Activity: All lines from the one containing "Illustration of Jenna" down to the one containing "KENDALL + KYLIE Micro Floral Mini Backpack", both ends included, are to be given again exactly; omit the rest of the listing below.

Given information:

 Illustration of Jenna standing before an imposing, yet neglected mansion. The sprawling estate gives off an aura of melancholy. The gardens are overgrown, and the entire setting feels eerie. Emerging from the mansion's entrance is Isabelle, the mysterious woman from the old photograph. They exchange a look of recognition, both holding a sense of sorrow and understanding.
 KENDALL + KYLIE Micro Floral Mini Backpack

* * *

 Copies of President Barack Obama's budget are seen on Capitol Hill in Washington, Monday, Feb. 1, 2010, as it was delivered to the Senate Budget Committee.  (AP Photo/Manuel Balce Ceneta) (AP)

...

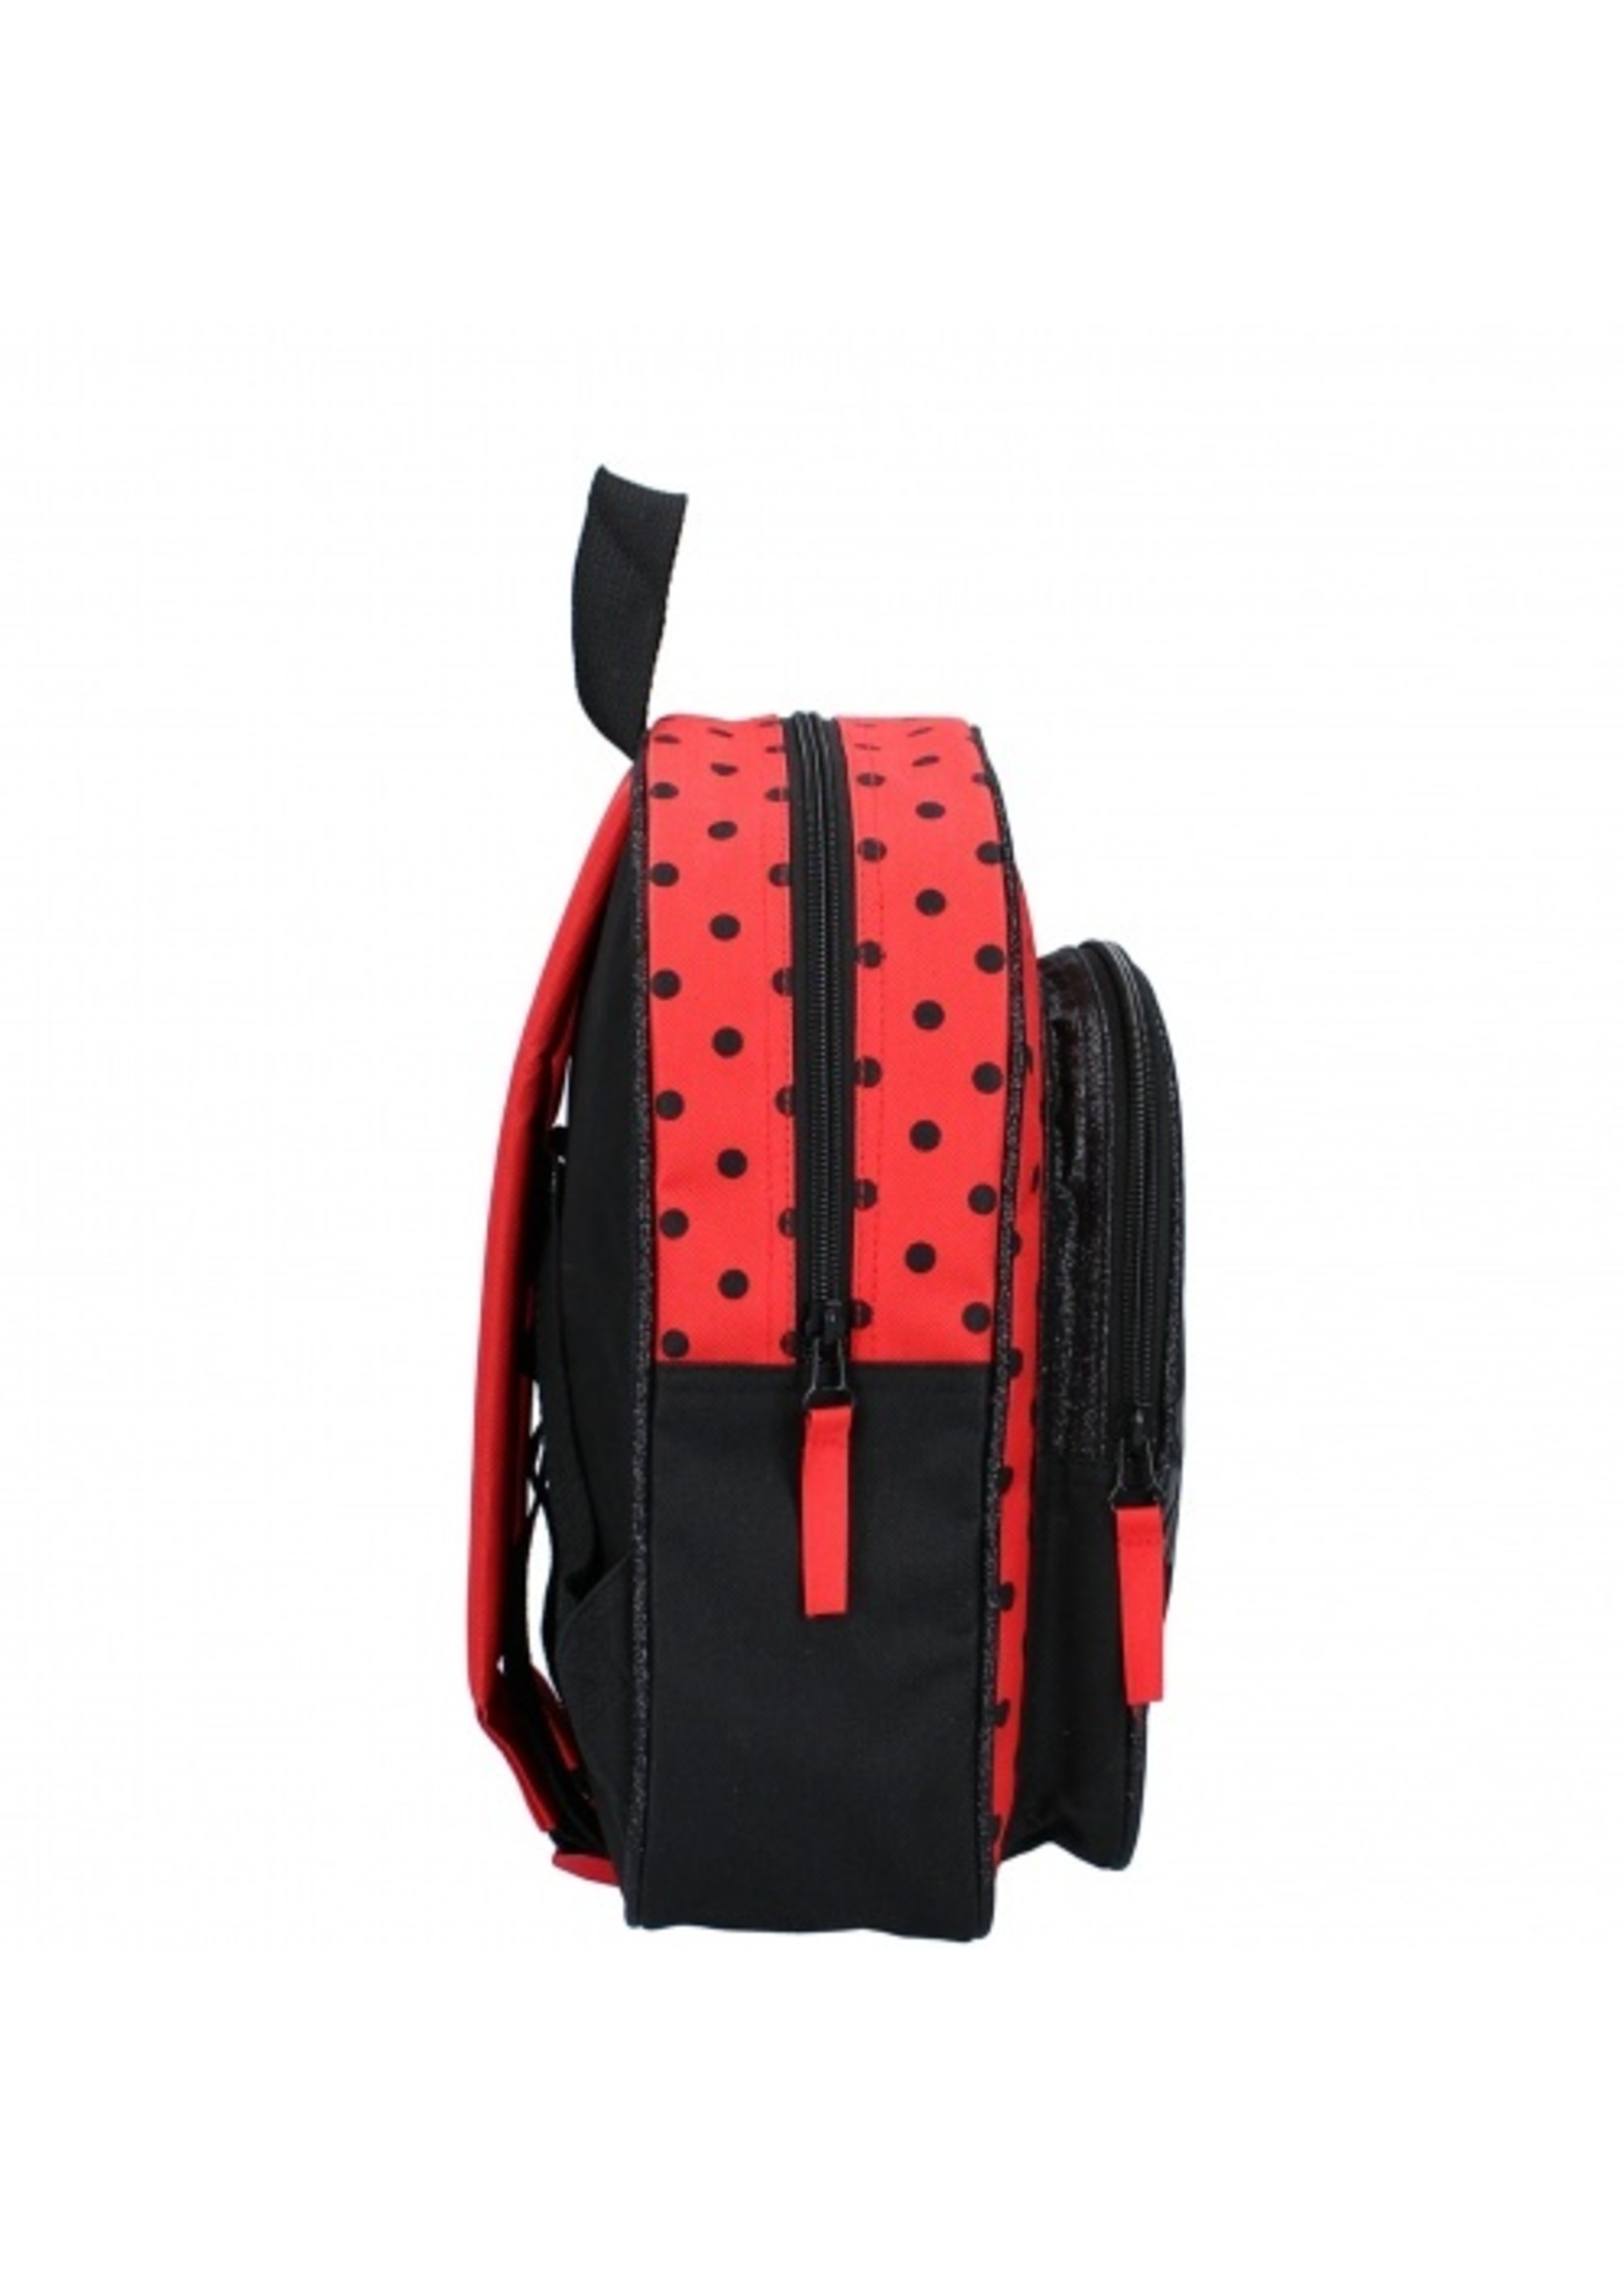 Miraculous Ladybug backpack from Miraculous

Reply:
 Illustration of Jenna standing before an imposing, yet neglected mansion. The sprawling estate gives off an aura of melancholy. The gardens are overgrown, and the entire setting feels eerie. Emerging from the mansion's entrance is Isabelle, the mysterious woman from the old photograph. They exchange a look of recognition, both holding a sense of sorrow and understanding.
 KENDALL + KYLIE Micro Floral Mini Backpack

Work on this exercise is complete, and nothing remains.